Thursday, December 6, 2012

The Box and the Keyhole

Keymaster (HDR)
Box 3 _ Wooden Box

A few weeks ago, Brad Leithauser wrote a perceptive post in the New Yorker about two different lenses that can be used to view a piece of literature, a keyhole and a box:

Had I been still more articulate, I might have said that there’s a special readerly pleasure in approaching a book as you would a box. In its self-containment lies its ferocious magic; you can see everything it holds, and yet its meagre, often hackneyed contents have a way of engineering fresh, refined, resourceful patterns. And Emily might have replied that she comes to a book as to a keyhole: you observe some of the characters’ movements, you hear a little of their dialogue, but then they step outside your limited purview. They have a reality that outreaches the borders of the page.
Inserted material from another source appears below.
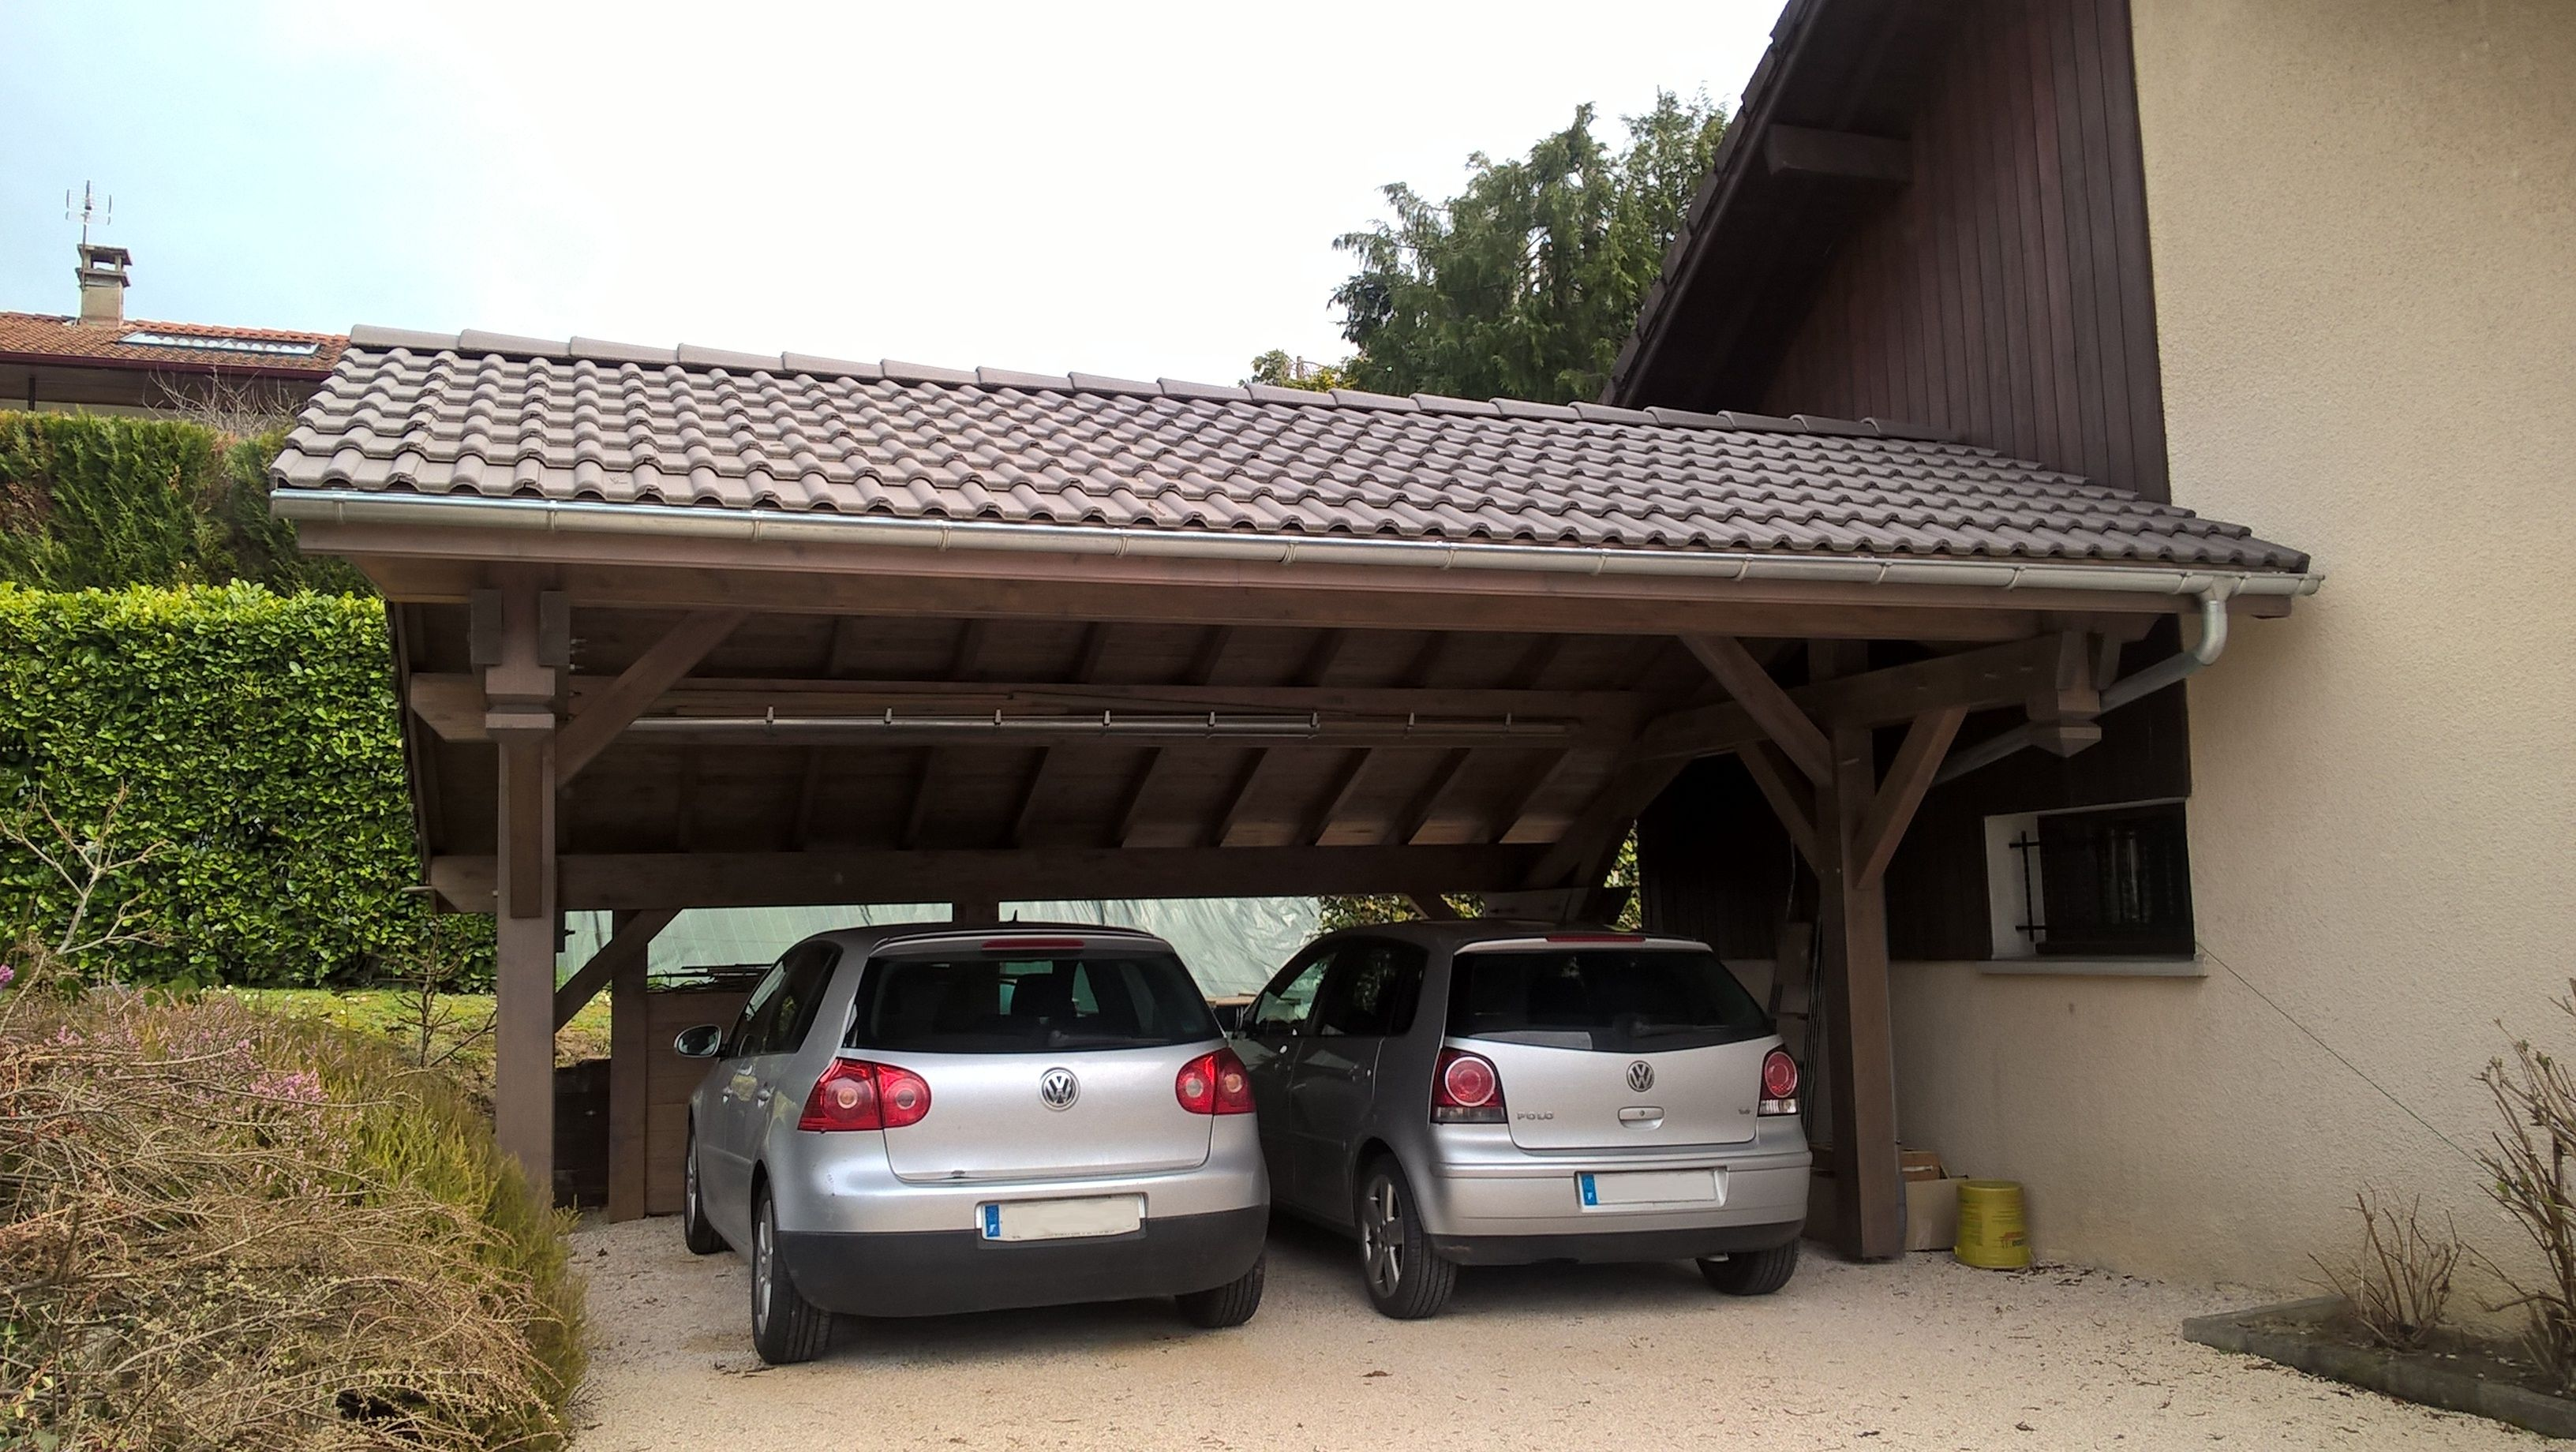 Carport en bois avec toiture Paysagiste, Carport bois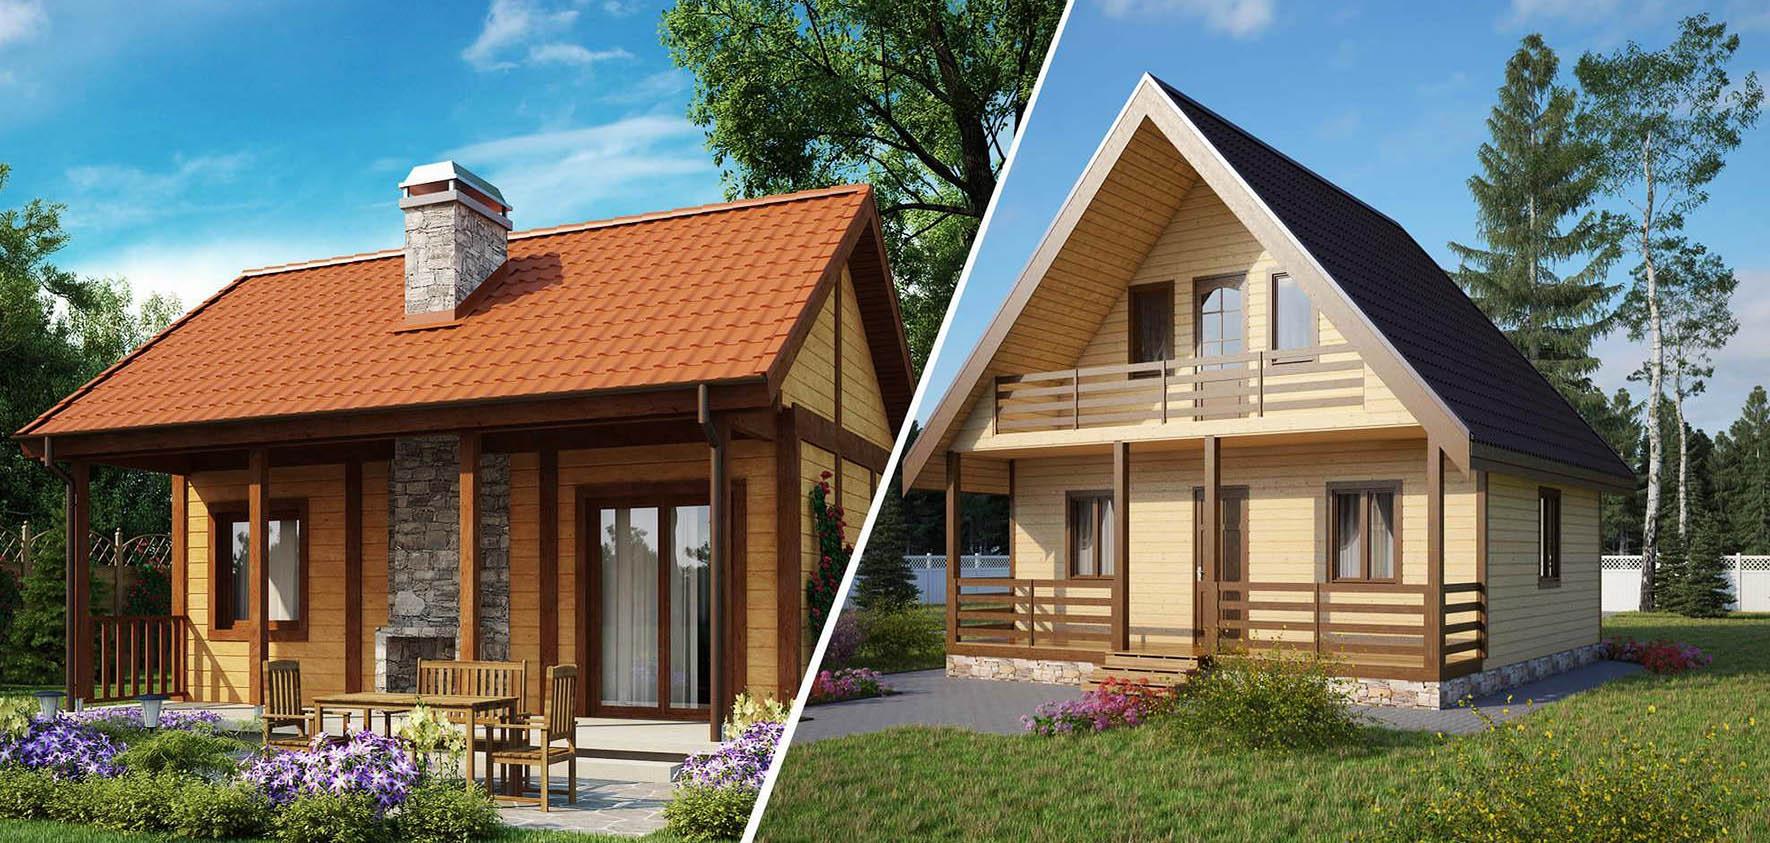 Дача и дом в чем разница

Keyholes and boxes... As someone who spends a lot of time in classrooms with teachers, this metaphor immediately captured my attention. While each classroom is inherently unique, commonalities abound.  Teachers who see their classrooms as boxes attempt to control, measure, and confine the learning that happens within the walls of the school.  Teachers who see their classrooms as keyholes use inquiry to help students see the learning that surrounds them everywhere. 

I quickly came up with this list:

Classrooms as Boxes:

  • Have lots of "right answers"
  • Focus on content
  • Aim for skill mastery
  • Think that learning should be quantified in little bits

Classrooms as Keyholes:

  • Have lots of questions (that usually don't have a clear answer)
  • Focus on competencies (bundles of knowledge and skills)
  • Aim for authentic performance in the real world
  • Think that learning is dynamic 

At different points in my career, I've created both box and keyhole classroom environments for various reasons. (Perhaps there is actually a continuum between these two categories?) However, I currently work very hard to design my learning spaces in ways that emphasize the classroom as a keyhole. I want my students to see my classroom as the beginning, not the end. What do you think?

CC Photo Credits:
Keymaster by seanmcgrath
Box 3 Wooden Box by Brenda Starr


  1. I love this image. What a powerful way to check one's planning and delivery and to develop goals around student learning and opportunity. Thanks so much for sharing!

  2. Thanks for your comment. I also think this could apply to the way that teachers interpret curricular materials. ;-)

  3. Love this, sharing now, thanks for posting!